Mas Gilang bungkam. Dia tidak bicara. Matanya menatap lurus ke depan. Kaca-kaca mulai terbentuk dalam bola matanya. Aku tahu, Mas Gilang tak cukup kuat menjadi seorang pegkhianat.

"Mas, otakmu sudah mereng, ya? Gara-gara kamu relasi bisnisku membatalkan beberapa kerja sama. Pengen aku belah tu batok kepalamu, lalu aku cuci pake rinso," ketus Ali yang tiba-tiba masuk.

"Iya, Mas. Kenapa harus gini? Kalau pun Mas punya masalah sama Mbak Nia, di selesain baik-baik bukan seperti anak kecil," sambung istrinya Ali.

Mas Gilang bergeming. Tetap pada posisinya. Mbak Aisyah masuk langsung mendorong tubuh lelaki yang selalu kupuja. Pertahanannya tak seberapa, tubuhnya tersungkur ke belakang.

"Apa yang membuatmu bisa segila ini? Benar kamu yang membuat status memalukan itu?!" tanya Mbak Aisyah. Nada bicaranya meninggi. Telunjuknya menunjuk kasar ke arah Mas Gilang.

"Iya, aku yang membuatnya dengan kesadaran penuh," jawab Mas Gilang tak gentar. Nyaliku benar-benar menciut.

Bugh! Bugh!

Mas Lukman datang langsung meninju wajah Mas Gilang. Ibu memekik histeris. Tak kuasa melihat kedua anaknya bersiteru. Mbak Tari langsung menarik tubuh suaminya.

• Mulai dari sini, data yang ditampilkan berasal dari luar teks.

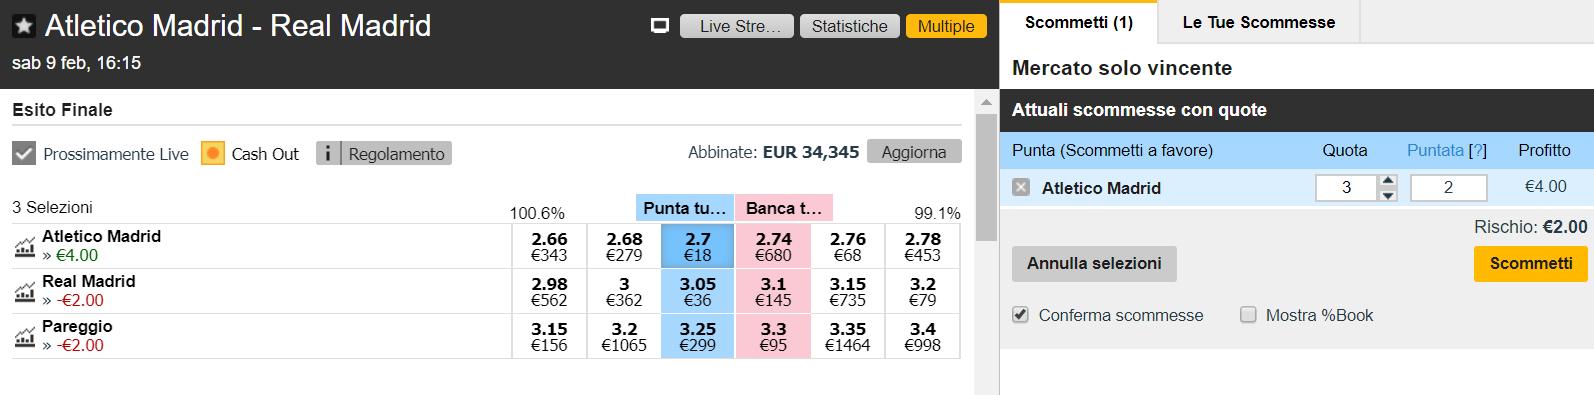 Atletico Madrid vs. Real Madrid - Back 1 - Importo € 2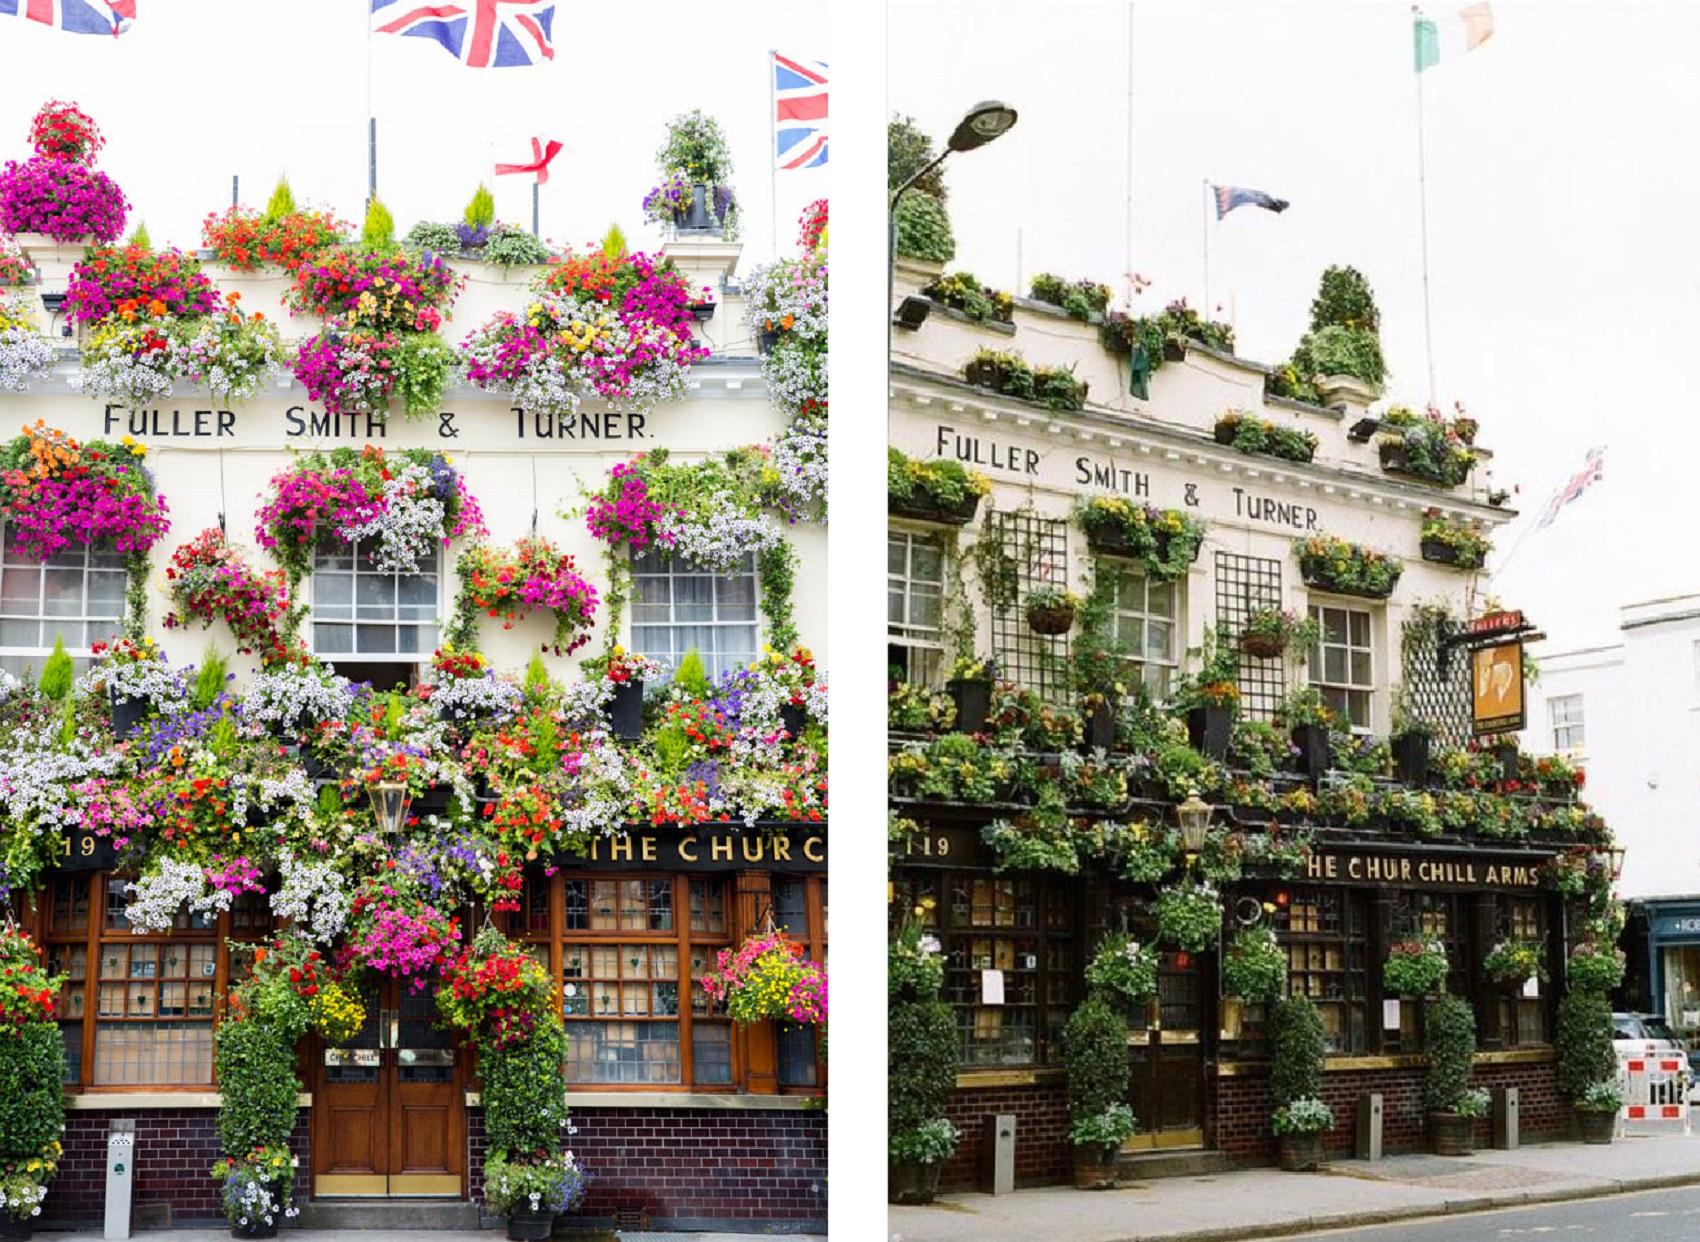 churchillarms-iconic-london-pub

"Selesaikan semua dengan kepala dingin, Mas," desah Mbak Tari.

"Gimana kepala dingin. Anak ini perlu dihajar, Ma. Bikin malu keluarga. Orang udah dewasa. Namun, otak entah dimana," gerutu Mas Lukman.

Mas Gilang bangkit, menyeka darah segar yang mengalir di sudut bibirnya. Lalu berkata,"aku nggak suka ditipu seperti ini. Kalian merusak bulan maduku."

Mata kami membulat sempurna, menatap ke arah lelaki pendiam yang tiba-tiba menjadi bar-bar. Mas Lukman berniat memukul adiknya lagi. Namun, Mbak Tari dengan sigap menahannya.

"Kami semua juga tidak suka dengan caramu yang tak beretika. Menalak istri lewat F*. Mau sok hebat kamu. Untuk apa salat setiap hari, kalau pikiran kamu pendek kek gini,' sindir Mas Lukman geram.

"Terserah aku, Mas. Ini rumah tanggaku. Kenapa kalian yang sibuk?"

Mbak Tari tak mampu menghalangi tubuh kekar Mas Lukman. Tubuh Kakak iparku seketika menindih tubuh Mas Gilang. Suara riuh untuk melerai semakin membuat situasi kacau. Ali berusaha melerai. Namun Mas Gilang dan kakaknya terlanjur tersulut emosi.

"Berhenti!" jerit Ibu histeris. Aku segera menenangkannya. Takutnya darah tinggi Ibu bisa naik.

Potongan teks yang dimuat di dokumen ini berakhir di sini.